Unnamed: 0,LI - List of Experience Information
0,"[{'company':'Next Billion Advisors','title':'P..."


#### Shape of the dataset

In [4]:
df.shape

(1, 1)

### 3. Data Checks to perform

- Check Missing values
- Check Duplicates
- Check data type
- Check the number of unique values of each column
- Check statistics of data set
- Check various categories present in the different categorical column

### 3.1 Check Missing values

In [5]:
df.isna().sum()

LI - List of Experience Information    0
dtype: int64

#### There are no missing values in the data set

### 3.2 Check Duplicates

In [6]:
df.duplicated().sum()

0

#### There are no duplicates  values in the data set

### 3.3 Check data types

In [7]:
# Check Null and Dtypes
df.info()

<class 'pandas.core.frame.DataFrame'>
RangeIndex: 1 entries, 0 to 0
Data columns (total 1 columns):
 #   Column                               Non-Null Count  Dtype 
---  ------                               --------------  ----- 
 0   LI - List of Experience Information  1 non-null      object
dtypes: object(1)
memory usage: 140.0+ bytes


### 3.4 Checking the number of unique values of each column

In [8]:
df.nunique()

LI - List of Experience Information    1
dtype: int64

### 3.5 Check statistics of data set

In [9]:
df.describe()

Unnamed: 0,LI - List of Experience Information
count,1
unique,1
top,"[{'company':'Next Billion Advisors','title':'P..."
freq,1


### 3.7 Exploring Data

In [10]:
df.head()

Unnamed: 0,LI - List of Experience Information
0,"[{'company':'Next Billion Advisors','title':'P..."
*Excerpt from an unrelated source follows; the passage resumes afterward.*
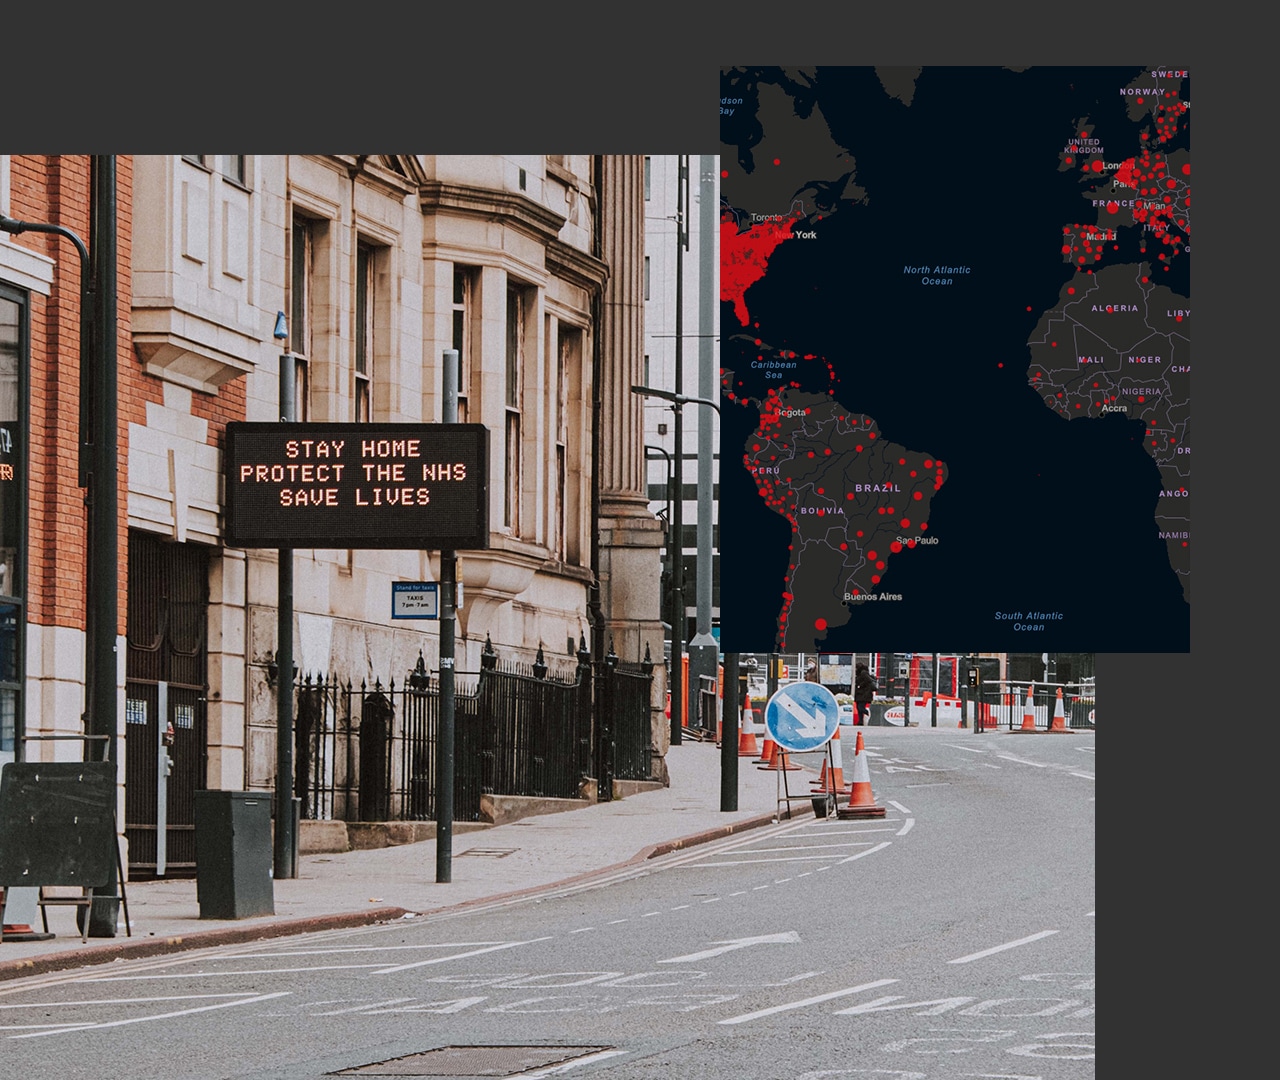 Ein Schild mit dem Text "Zu Hause bleiben heißt Leben retten" an einer innerstädtischen Straße, daneben eine digitale Karte, auf der die Vereinigten Staaten, Südamerika und Afrika zu sehen sind

### Define a function to extract relevant information on the candidates

In [11]:


def extract_info(row):
    experiences_str = row['LI - List of Experience Information'].replace('null', 'None')

    try:
        experiences = json.loads(experiences_str) if experiences_str != 'None' else []
    except json.JSONDecodeError:
        experiences = []

    titles = [exp['title'] for exp in experiences]
    description = [exp['description'] for exp in experiences]
    return titles, description

### Extract the relevant information on the candidates

In [12]:
df[['Job Titles', 'Description']] = df.apply(
    lambda row: pd.Series(extract_info(row)), axis=1)
df['inputCandidate'] = df.apply(lambda row: [re.sub(r'\s+', ' ', re.sub(r'[^\w\s]', '', title + ' ' + description))
                                                if title is not None and description is not None else '' for title, description in zip(row['Job Titles'], row['Description'])], axis=1)

### Load the SentenceTransformer model

In [48]:
model = SentenceTransformer('all-mpnet-base-v2')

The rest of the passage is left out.